I have watched and read a great deal about the Holocaust recently, not intentionally, just by coincidence various bits of media crossing my path. The three main sources; I’m watching The Counterfeiters and Schindler’s List (which I’m watching for the umpteenth time because it is such a brilliant piece of cinema and Steven Spielberg’s finest work), and I’m reading If This Is A Man and The Truce, both by Primo Levi. “The Counterfeiters” is on sale in HMV and you can get the both Levi books in one edition for £5 including postage from Amazon. I highly, highly recommend all of them.

The people targeted by The Holocaust were Jews, Gypsies, Soviets, POWs, Communists, ethnic Poles, other Slavic people, the disabled, homosexuals and political and religious dissidents. You can bet that any non-Caucasian ethnicity would have been on that list too had the Nazis got their way. The highest estimate for the victims of The Holocaust was eleven million people. 11’000’000. That is the equivalent population of Greater London, Greater Manchester, Birmingham, Liverpool and Edinburgh combined.

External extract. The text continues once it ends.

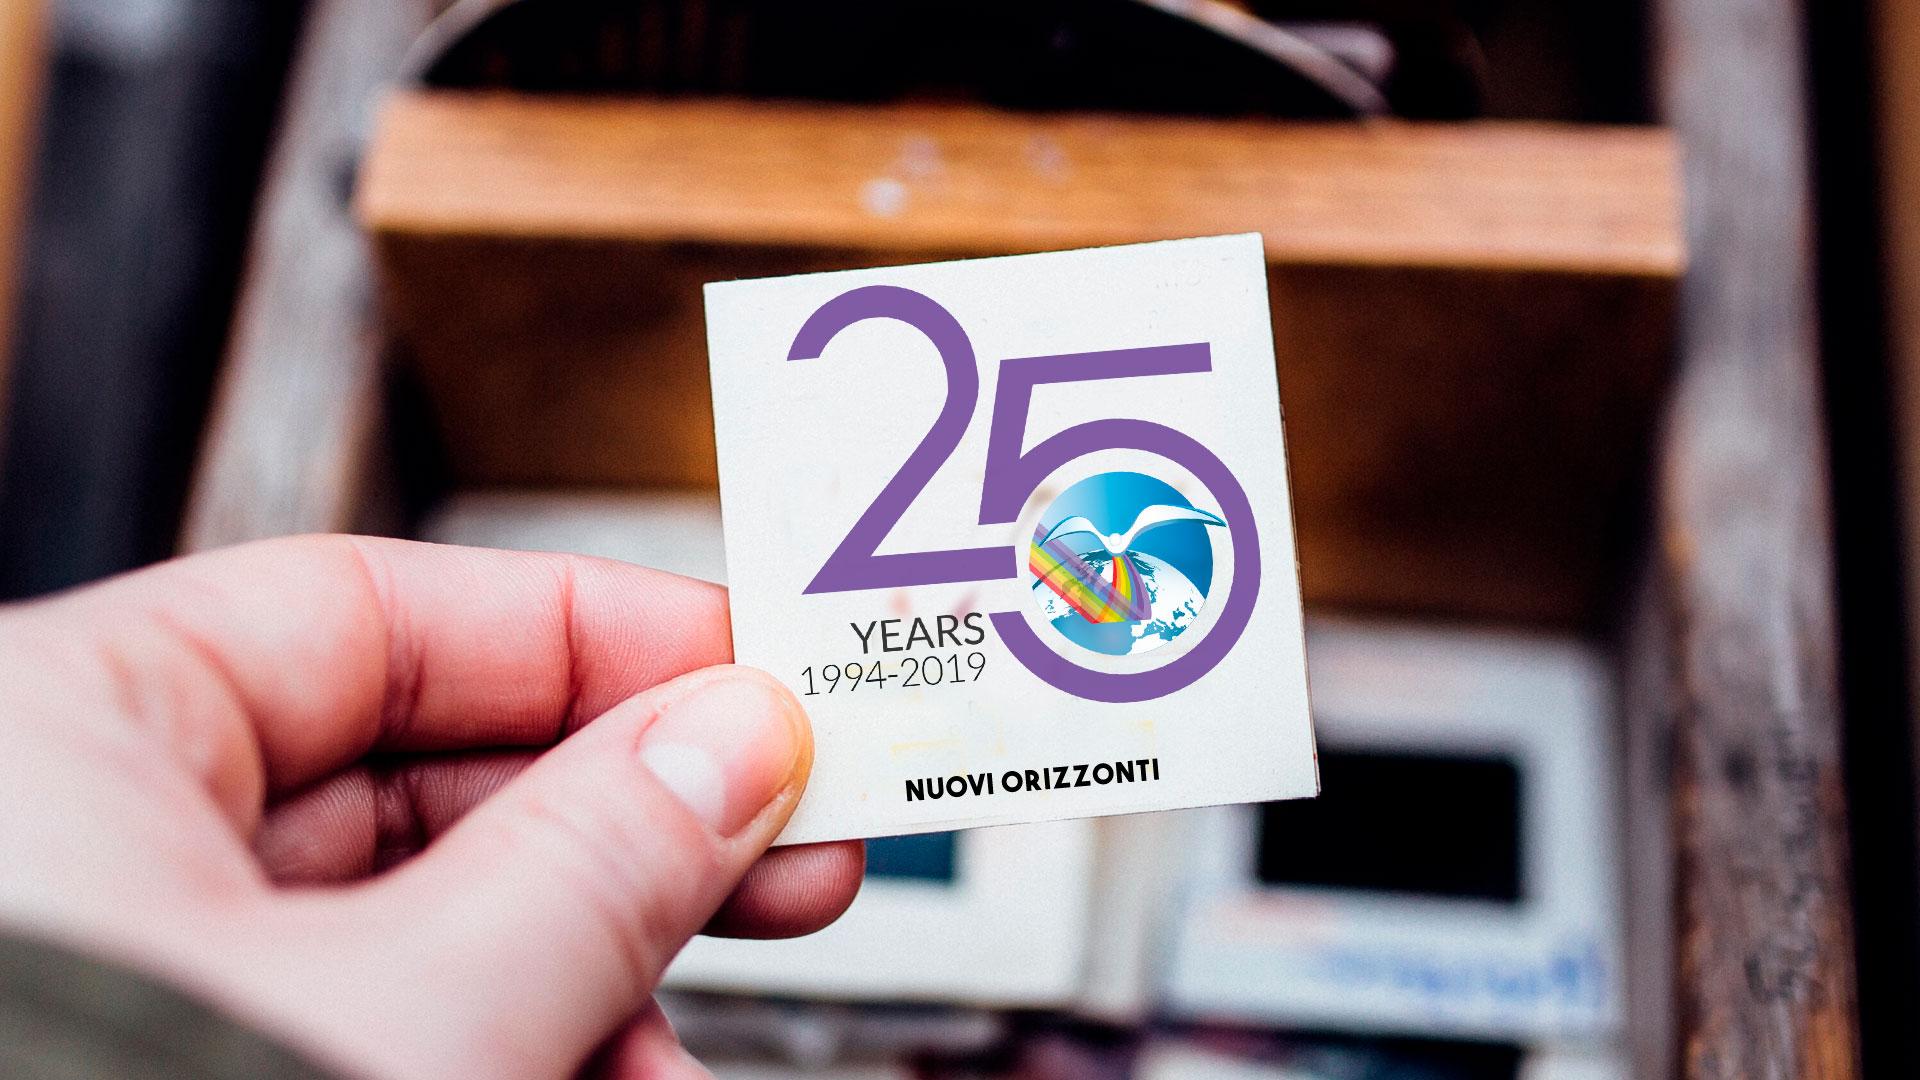 25 Anni, compleanno - Nuovi Orizzonti

To me, there are two things that stand out about the Holocaust. The first, and the most terrifying, is that this vast, unnecessary loss of human life, this rampant slaughter fuelled by hatred, was committed by human beings against other human beings. Smart, intelligent people did these unimaginably barbaric, senseless things to other human beings.

It says something about our weaknesses and fallibilities as a species, that we could do this to one another, that we could be convinced to desire to turn men into beasts and become them ourselves. I am not saying that it exists in all of us, the ability to scheme and sketch such horror, but it exists in a few, the malfunctioning people in our midst: the men that would be pathological serial killers if they had not risen duplicitously through the ranks of power to lead a nation. And through their charismatic leadership, through their manipulation of the media of their time, through their rhetoric, control of knowledge and political destruction of the liberties of their people, they convince their populace and their soldiers to not only engage in but revel in monstrosities that do not even exist in the deepest corners of most men’s souls.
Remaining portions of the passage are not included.